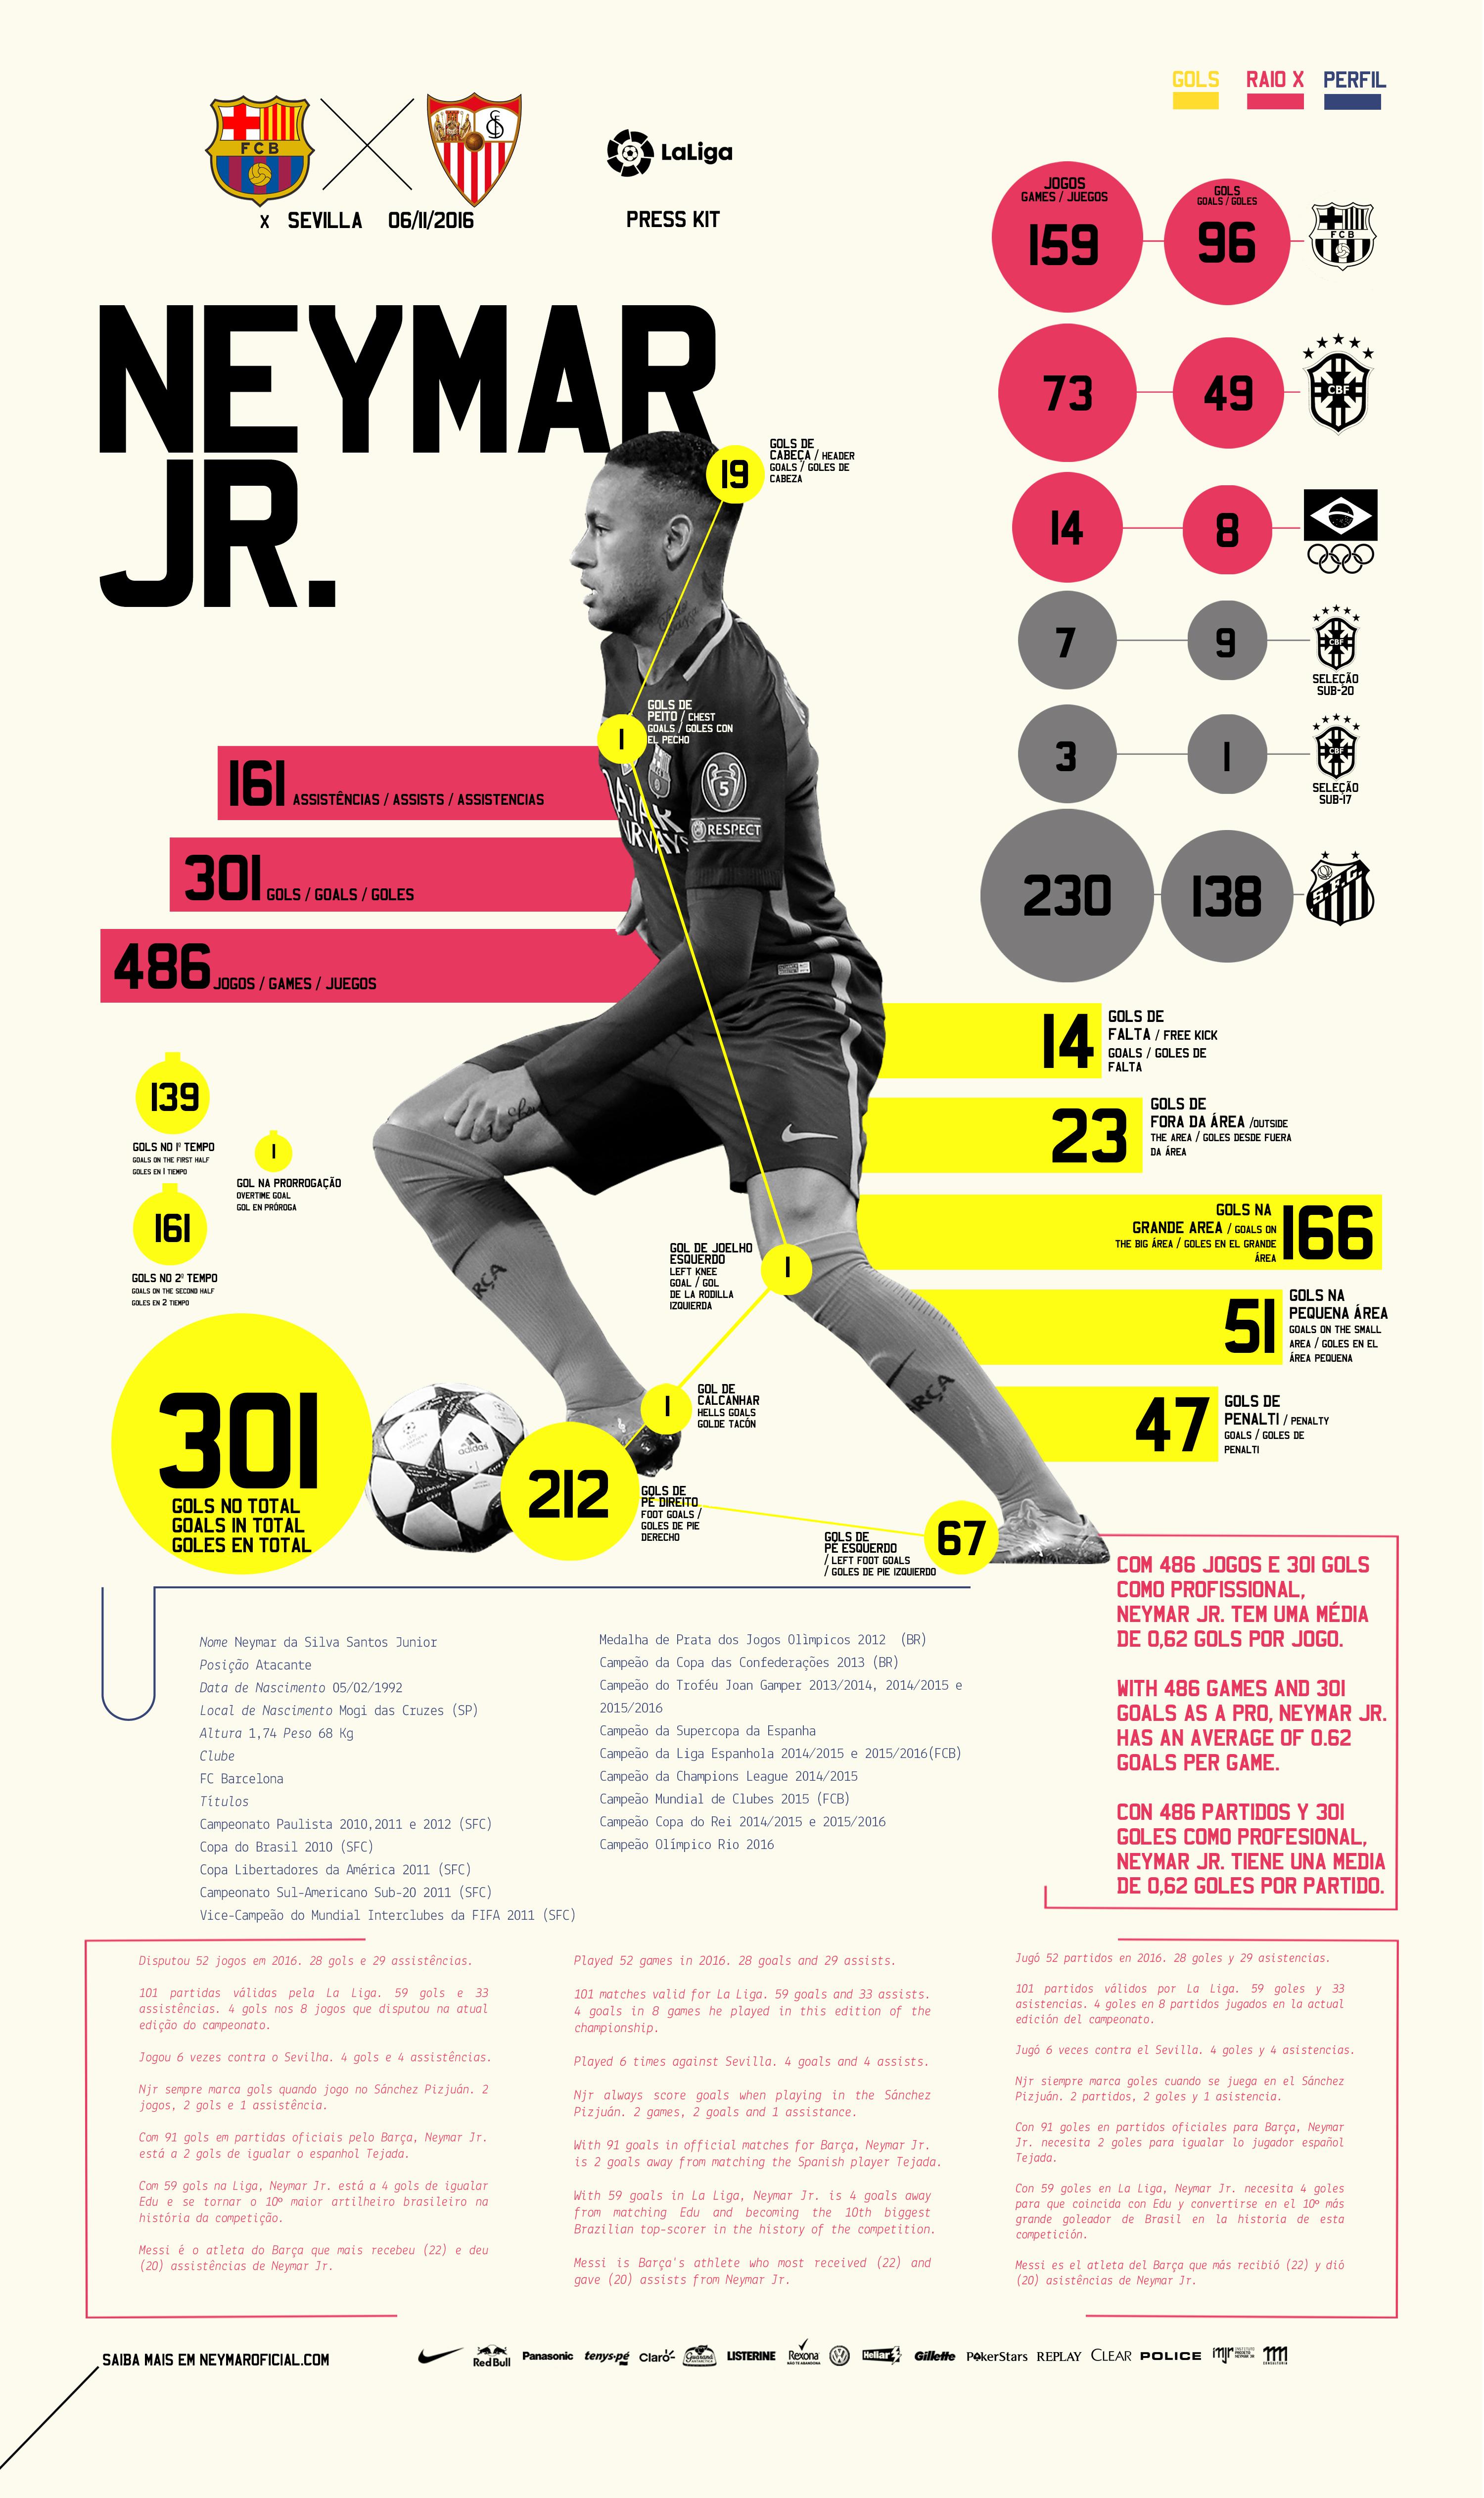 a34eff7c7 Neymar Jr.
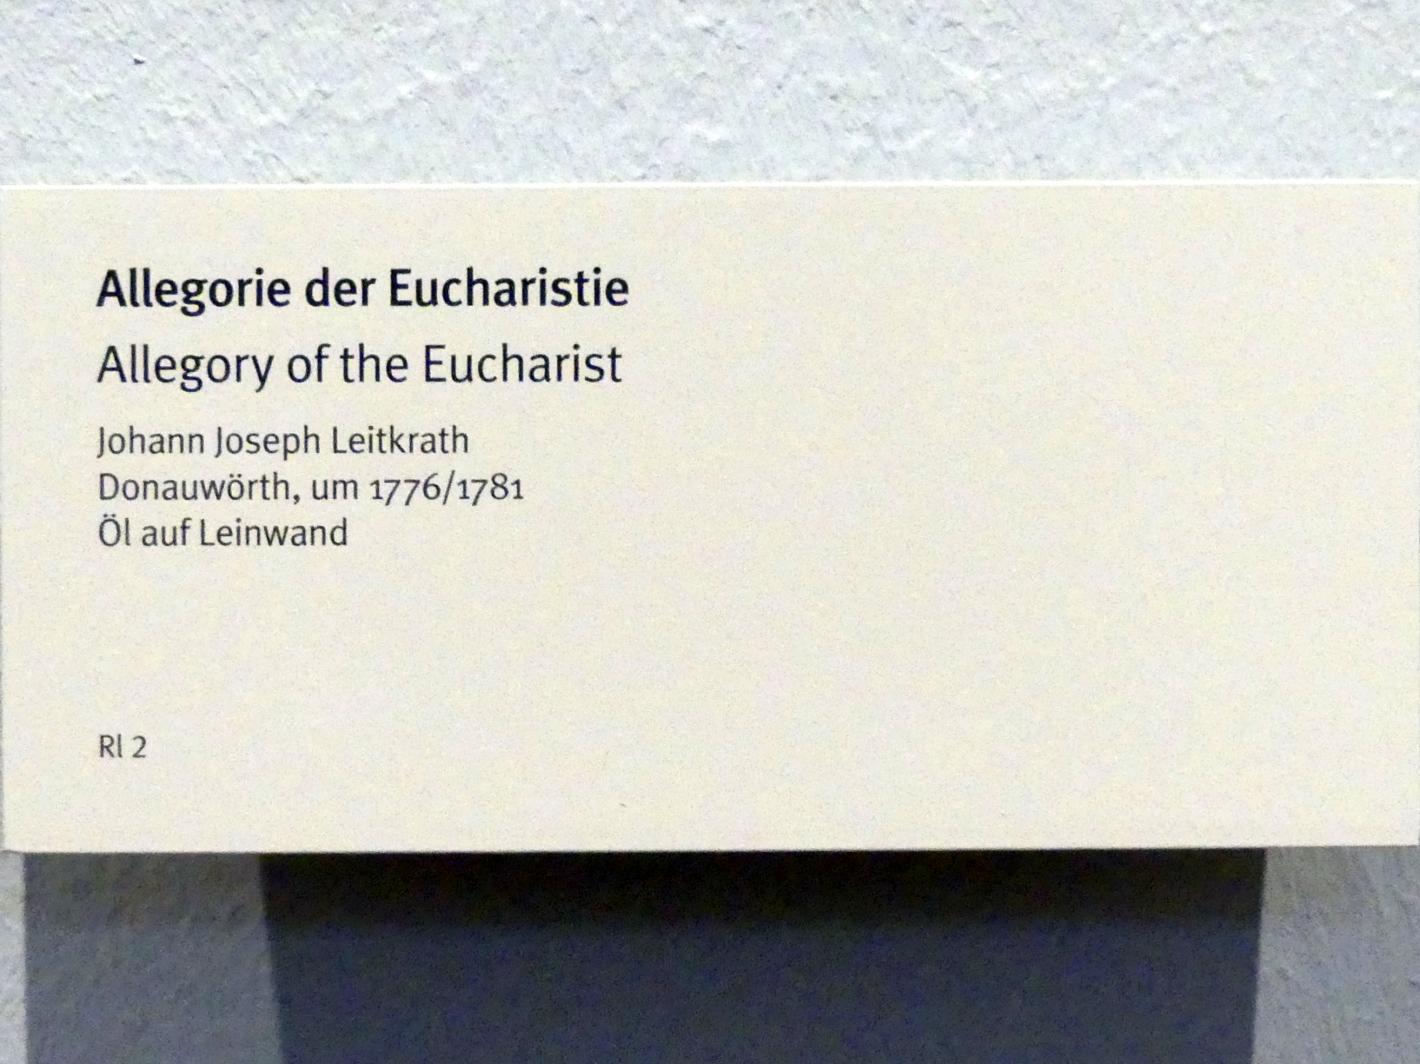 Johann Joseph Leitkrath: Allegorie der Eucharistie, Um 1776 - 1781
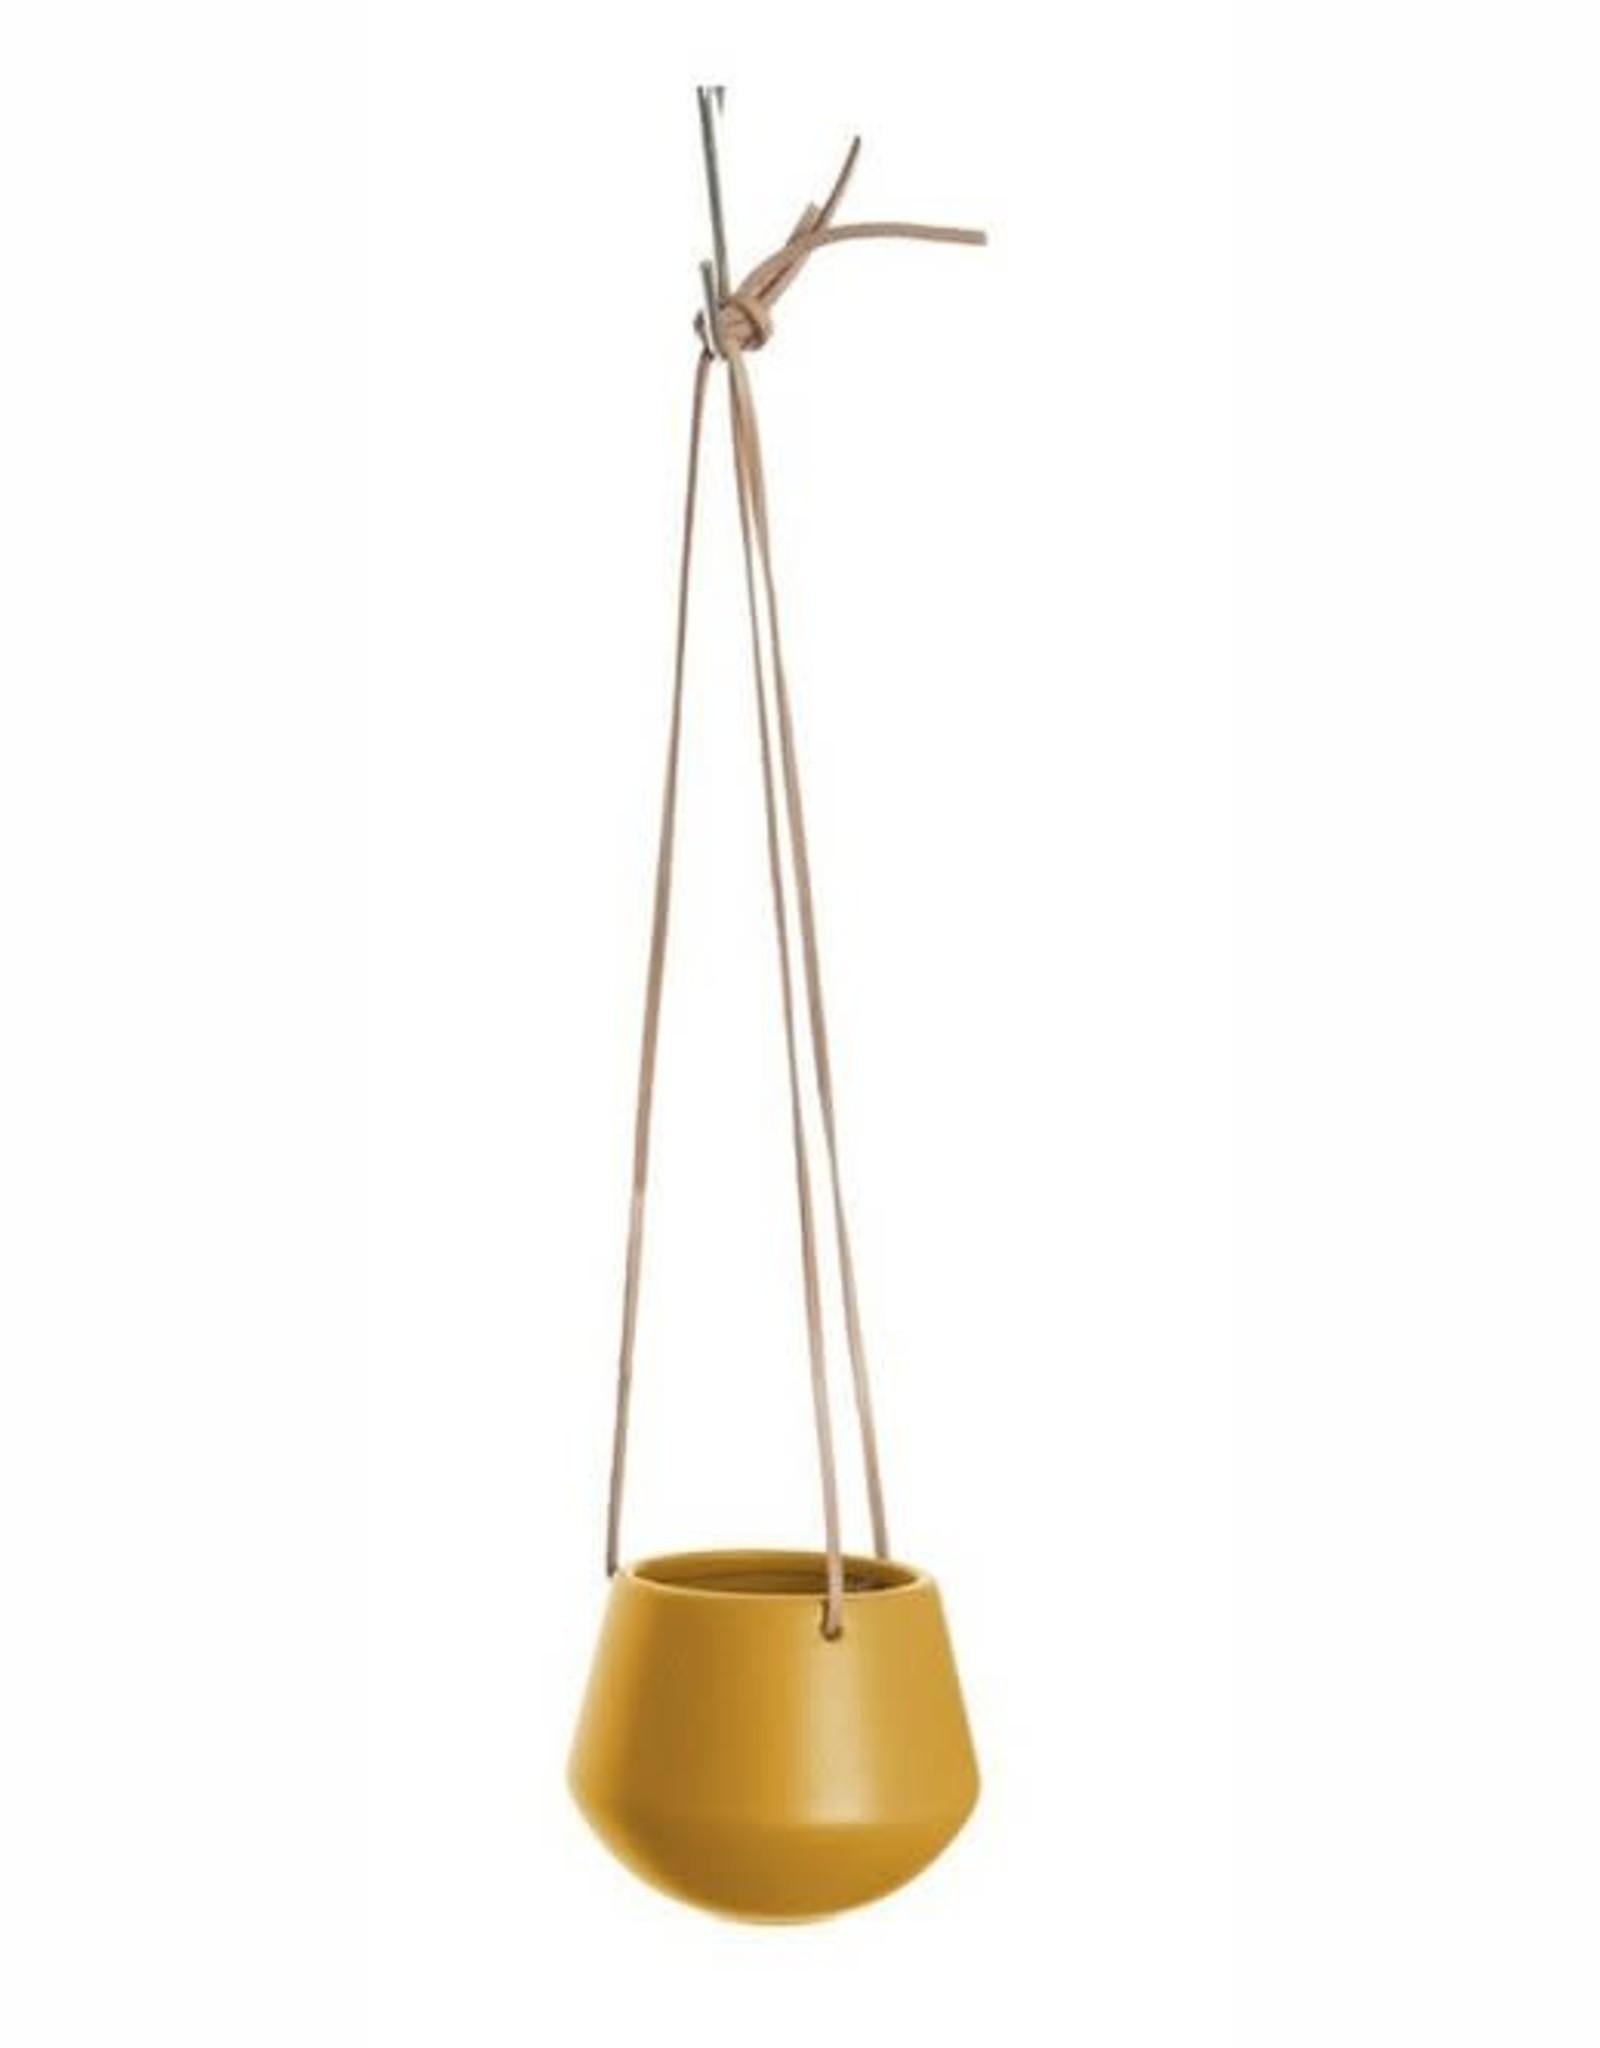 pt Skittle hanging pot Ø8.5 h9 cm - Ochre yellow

------------------------------------------------------------------------

▶ **Your instructions**
Set down the complete material exactly, but do not include the images.

▶ **Answer below**
 a34eff7c7 Neymar Jr.
 Johann Joseph Leitkrath: Allegorie der Eucharistie, Um 1776 - 1781
 pt Skittle hanging pot Ø8.5 h9 cm - Ochre yellow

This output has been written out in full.